Florence opened her eyes and looked into a face as pleasantly round as hers was unattractively long; at cheeks as freshly pink as her own were sallow, into eyes fringed with eyelashes like spider’s legs. It wasn’t fair. Hysterical now, she screamed her fury aloud.

‘It’s all right now. It’s all right.
All right
.’ Seemingly from nowhere a young doctor materialized. Florence felt the slight prick of a needle in her arm.

‘You don’t know,’ she whimpered, as the drug began to take almost immediate effect. ‘You don’t know what my father did to me when I was a little girl.’ Tears held back for over twenty years rolled down her cheeks. ‘He said if I didn’t tell anybody he’d never do it again, and I didn’t tell anybody.’ Her eyelids drooped. ‘And he never did do it again.’ She opened her eyes with an effort. ‘But he might have. He
might
have … any day he might have … I was so frightened … always so afraid. Till I forgot about it. Forgot. …’

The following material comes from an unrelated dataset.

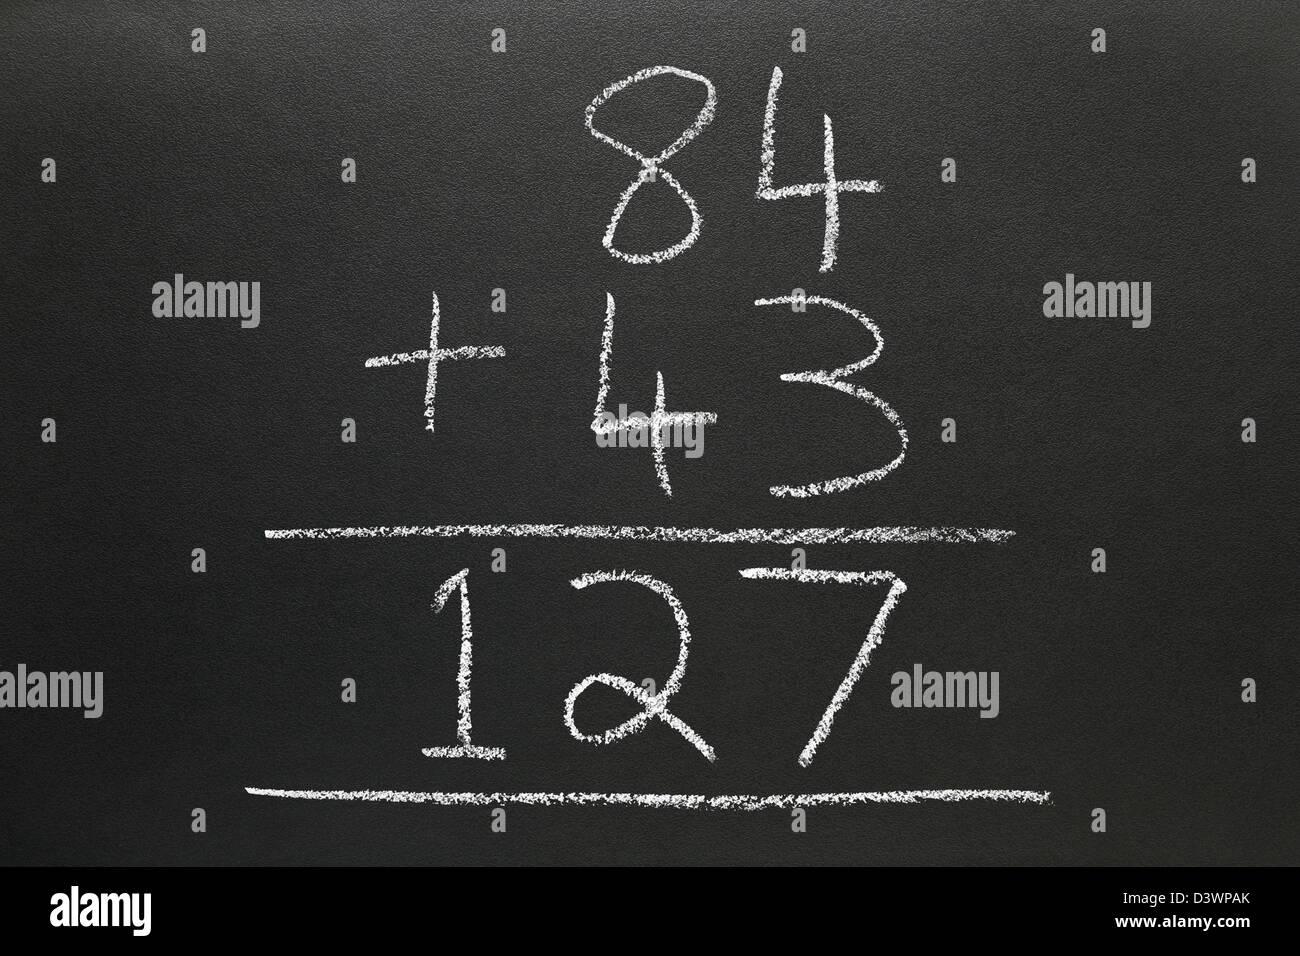 A basic addition sum written on a blackboard. - Stock Image

Walking back down the long corridor the young doctor, who had almost decided to go on and specialize in psychiatry, pursed his lips in a soundless whistle. Interesting that last-minute revelation. If it were true, which he doubted, the patient being an obvious hysteric, a thing like that, festering away inside her subconscious, could have coloured her attitude towards men all her life. It would take a very special man to penetrate beneath that loathing; that rare being, a
good
man he supposed, one who posed no threat physically. Sexually, he supposed.

If what she said was
true
, of course, which one doubted in a spinster of her obvious type. He wouldn’t have believed before taking up medicine the fantasies some maiden ladies
insisted
on describing to him. One had to beware of them, in fact. Still, Miss Livesey was an interesting case. Not quite run of the mill. Cut out with jagged edges, as if with pinking scissors.

Proud of his perception, he walked on, serious and dedicated, muttering to himself like an earnest professor three times his own age. He would suggest to his superior that they kept her in for a few days.

‘I wish I knew what was happening at the hospital.’ Daisy perched uncomfortably on the arm of Sam’s chair in the lounge, which still smelled of paint and wallpaper paste. She wanted him to say that he would go there on the tram and find out for her, while she sat in with Jimmy and got on with all the thousand and one things she had to do, but he didn’t offer. He seemed to have distanced himself from what was going on all around them, as if already he was miles away leading his own life which – she had to face it – hardly touched hers at all.

‘You know what they’re like at hospitals.’ He pulled her down on to his knee. ‘I once knew a man who waited so long in Out-Patients he was completely cured when his turn came.’ He kissed the small hollow at her throat. ‘Time being the great healer, you see.’